DATA SECTION —
*** Block opens ***

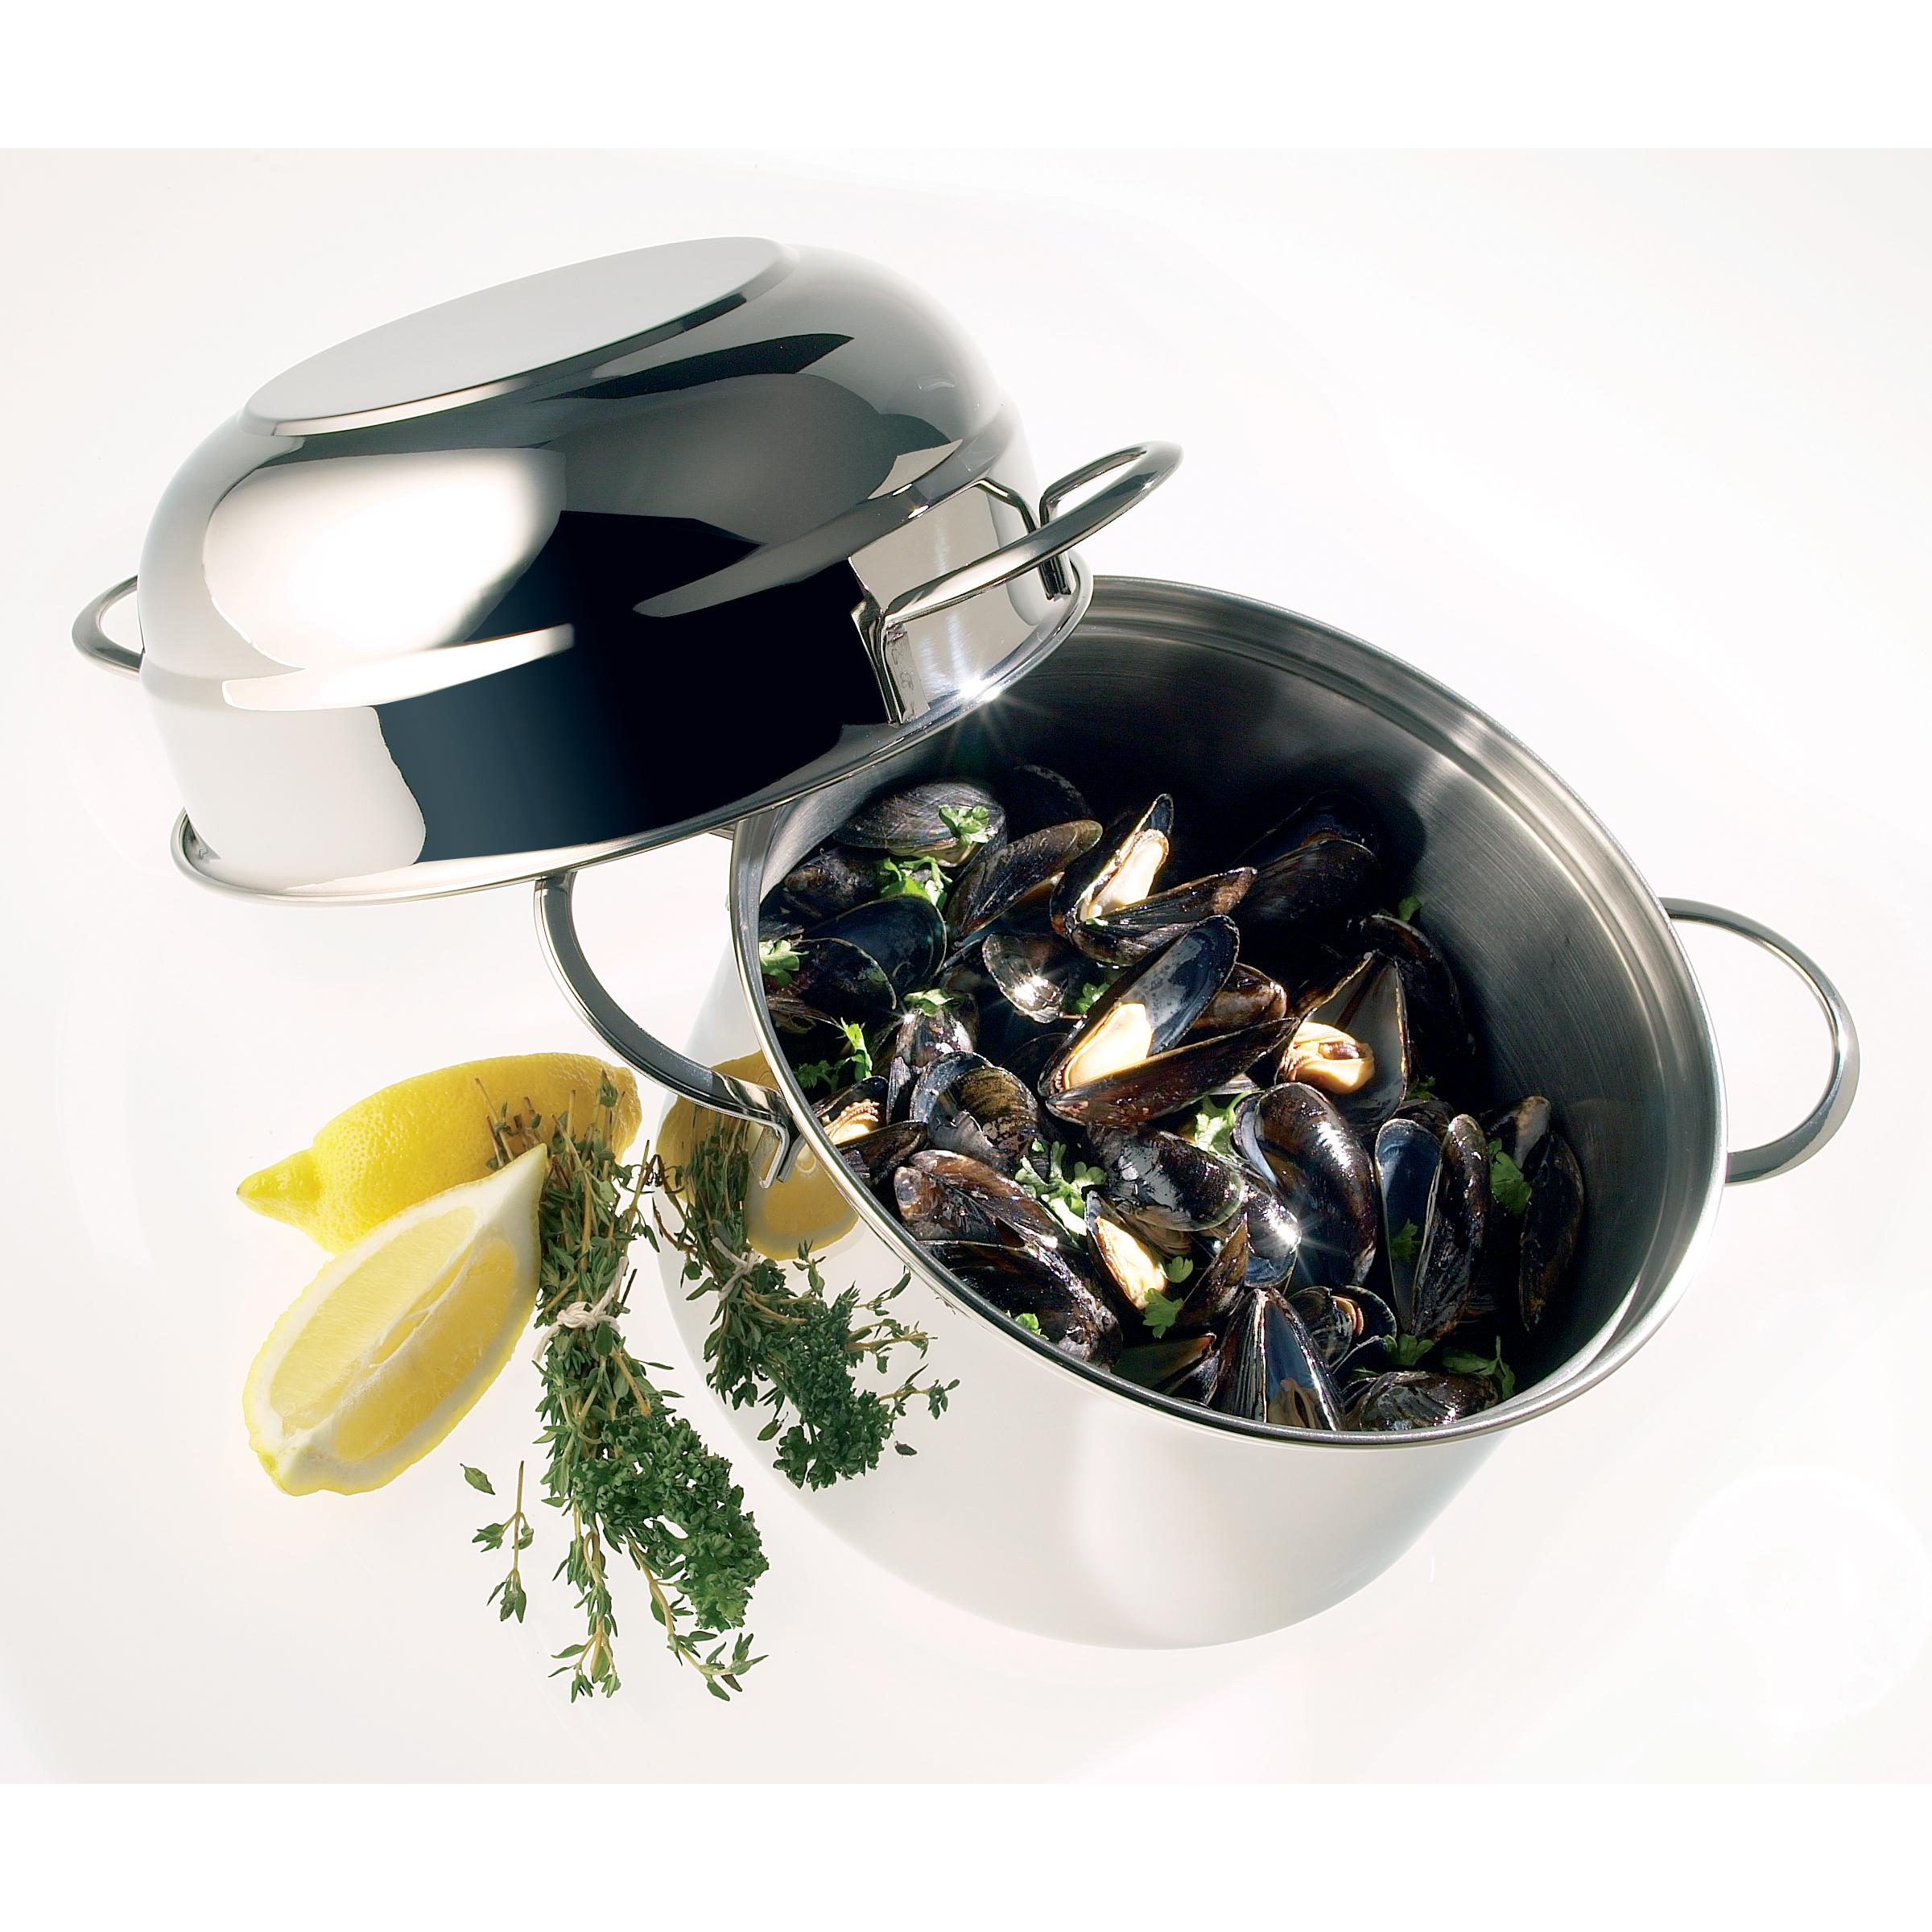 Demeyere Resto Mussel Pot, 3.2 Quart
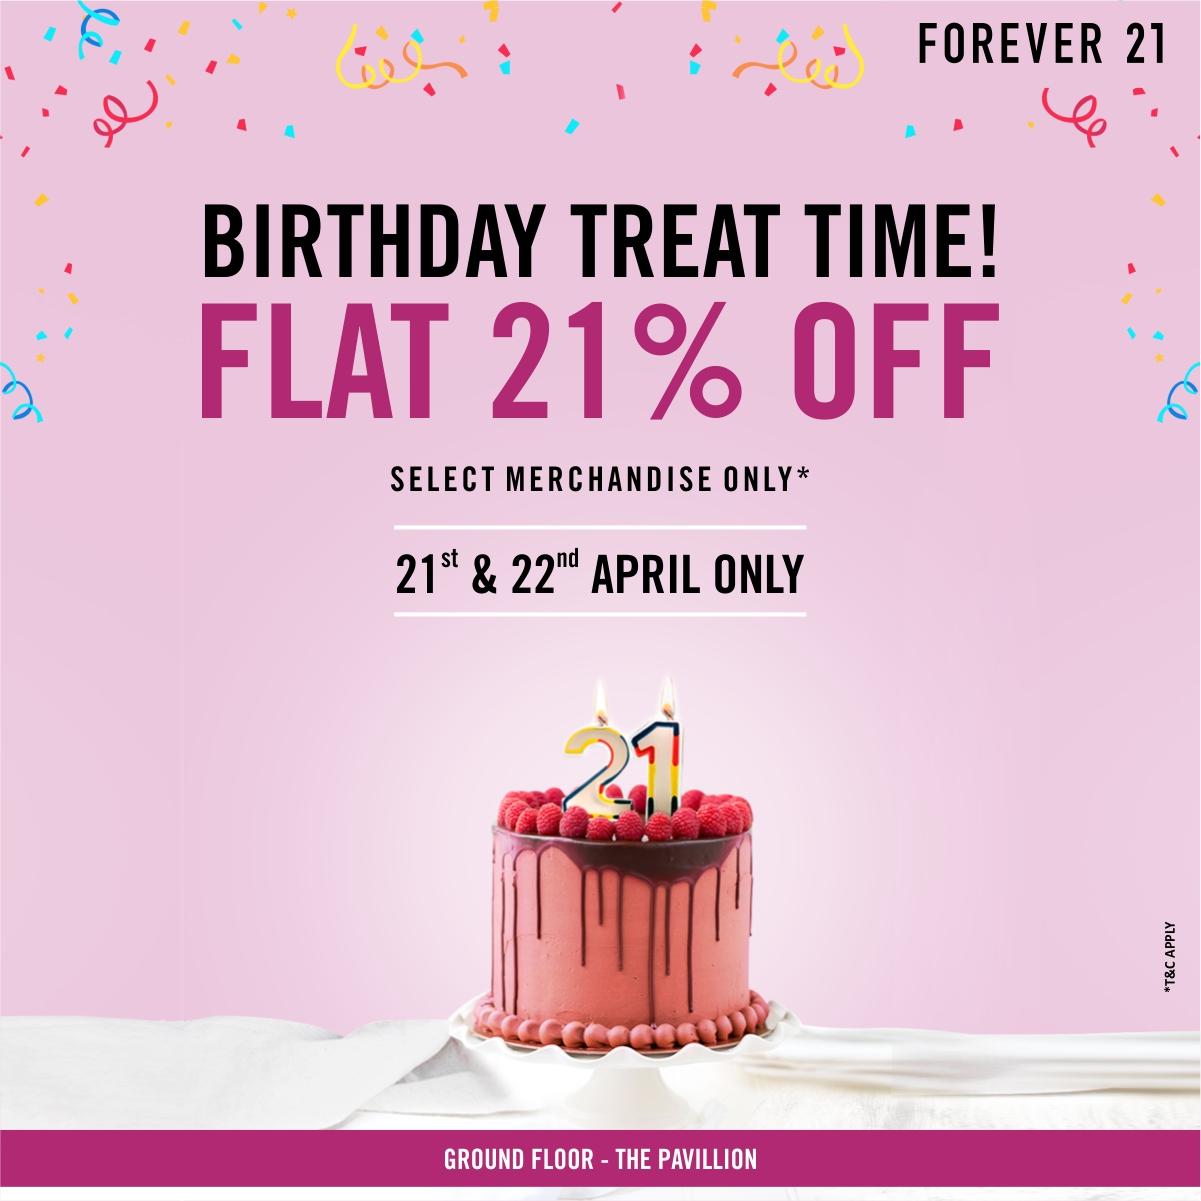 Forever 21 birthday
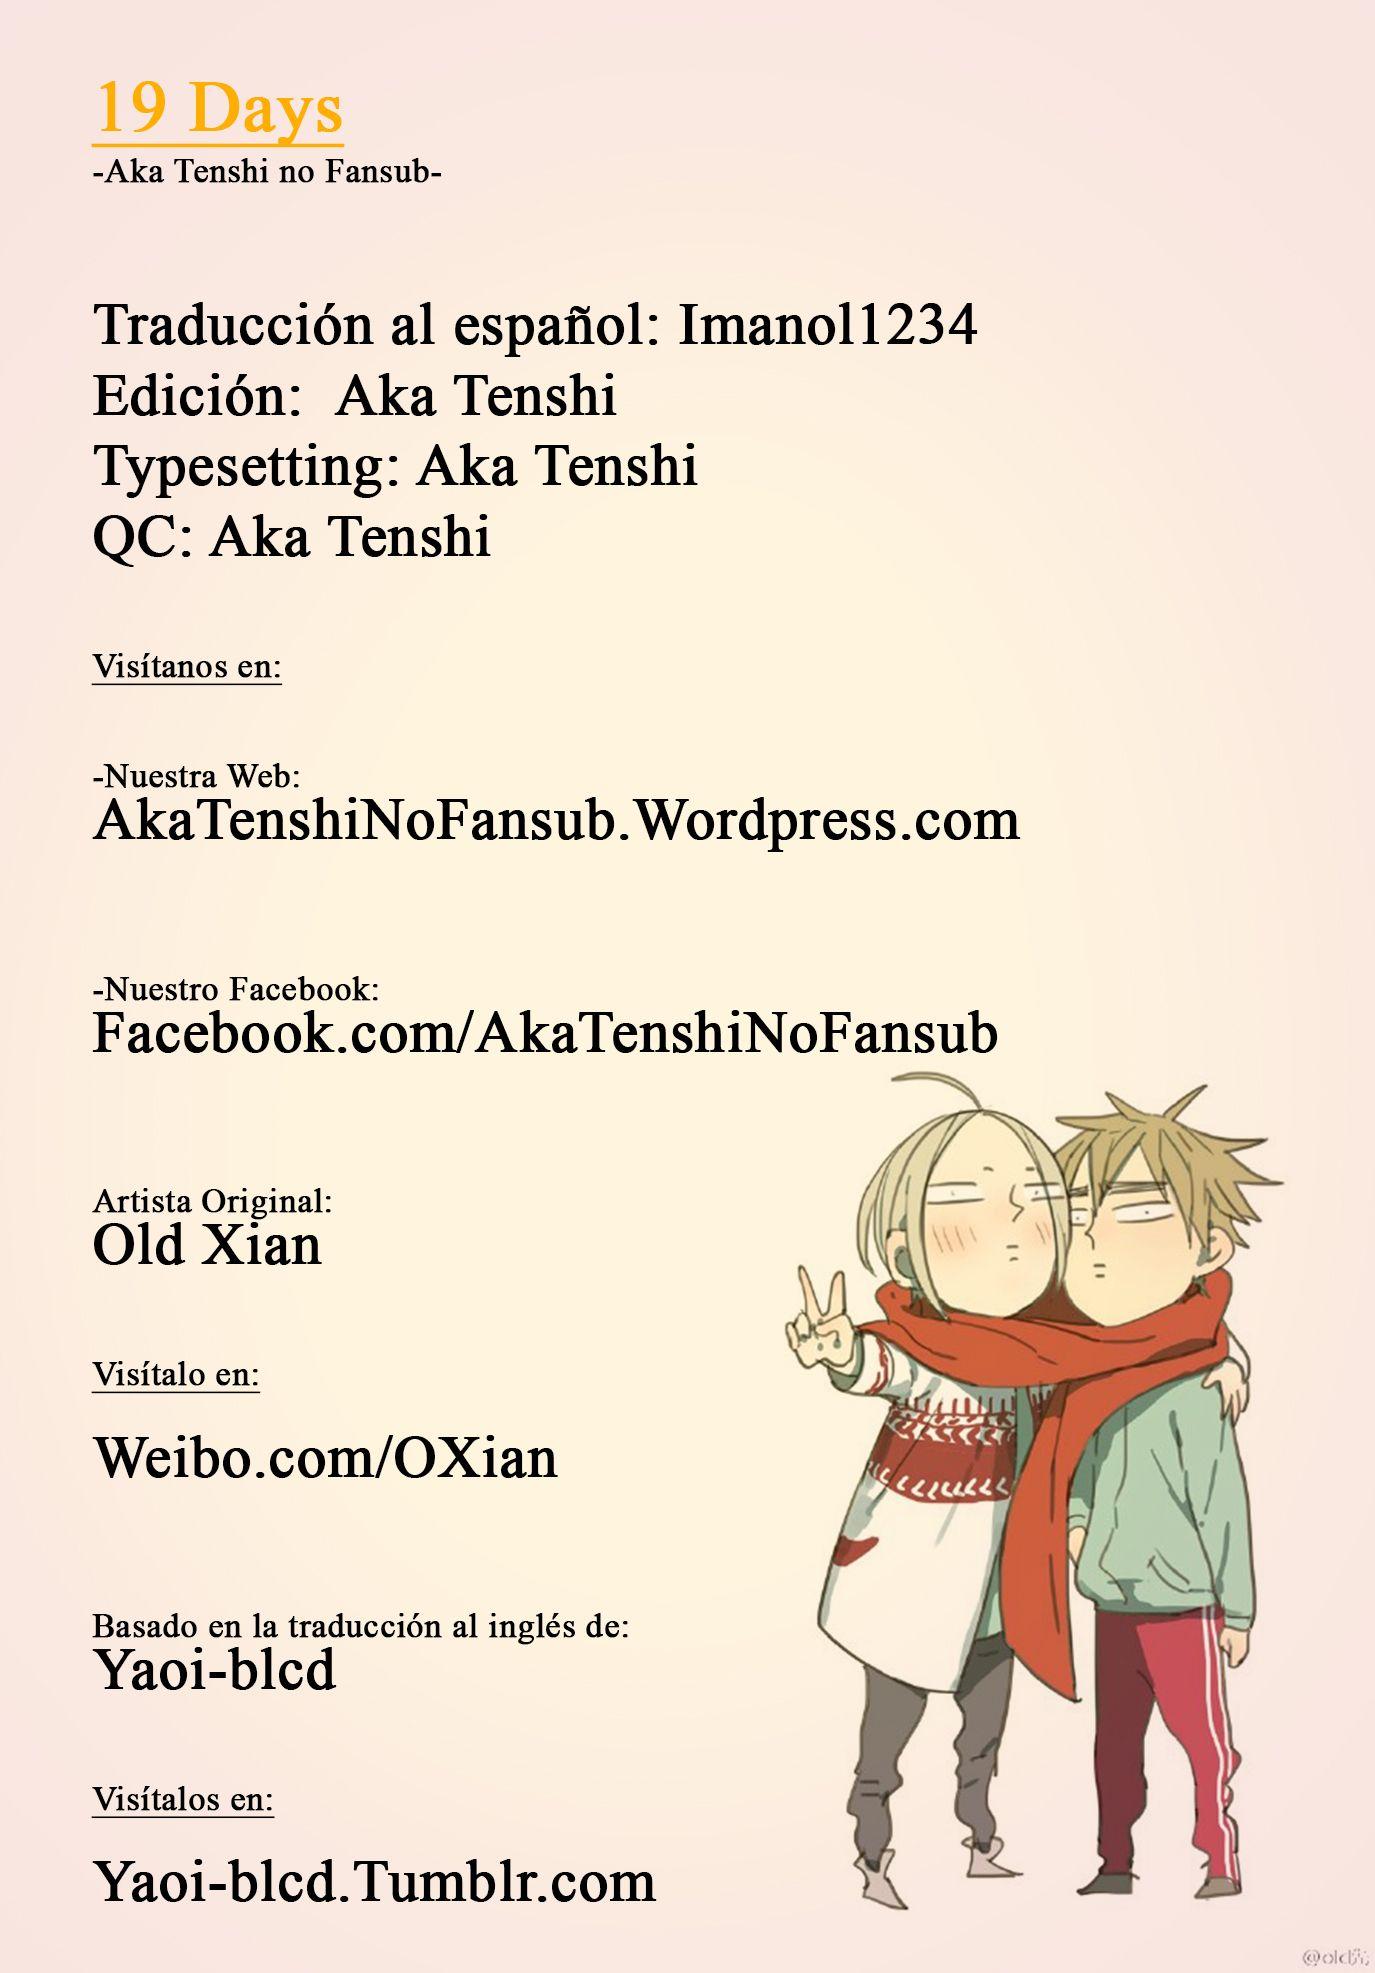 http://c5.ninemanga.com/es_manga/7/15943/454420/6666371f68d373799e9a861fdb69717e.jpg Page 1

*** Block closes ***

Copy out all of the data word for word. Do not carry over any picture.

YOUR SOLUTION —
 Demeyere Resto Mussel Pot, 3.2 Quart
 Forever 21 birthday
 http://c5.ninemanga.com/es_manga/7/15943/454420/6666371f68d373799e9a861fdb69717e.jpg Page 1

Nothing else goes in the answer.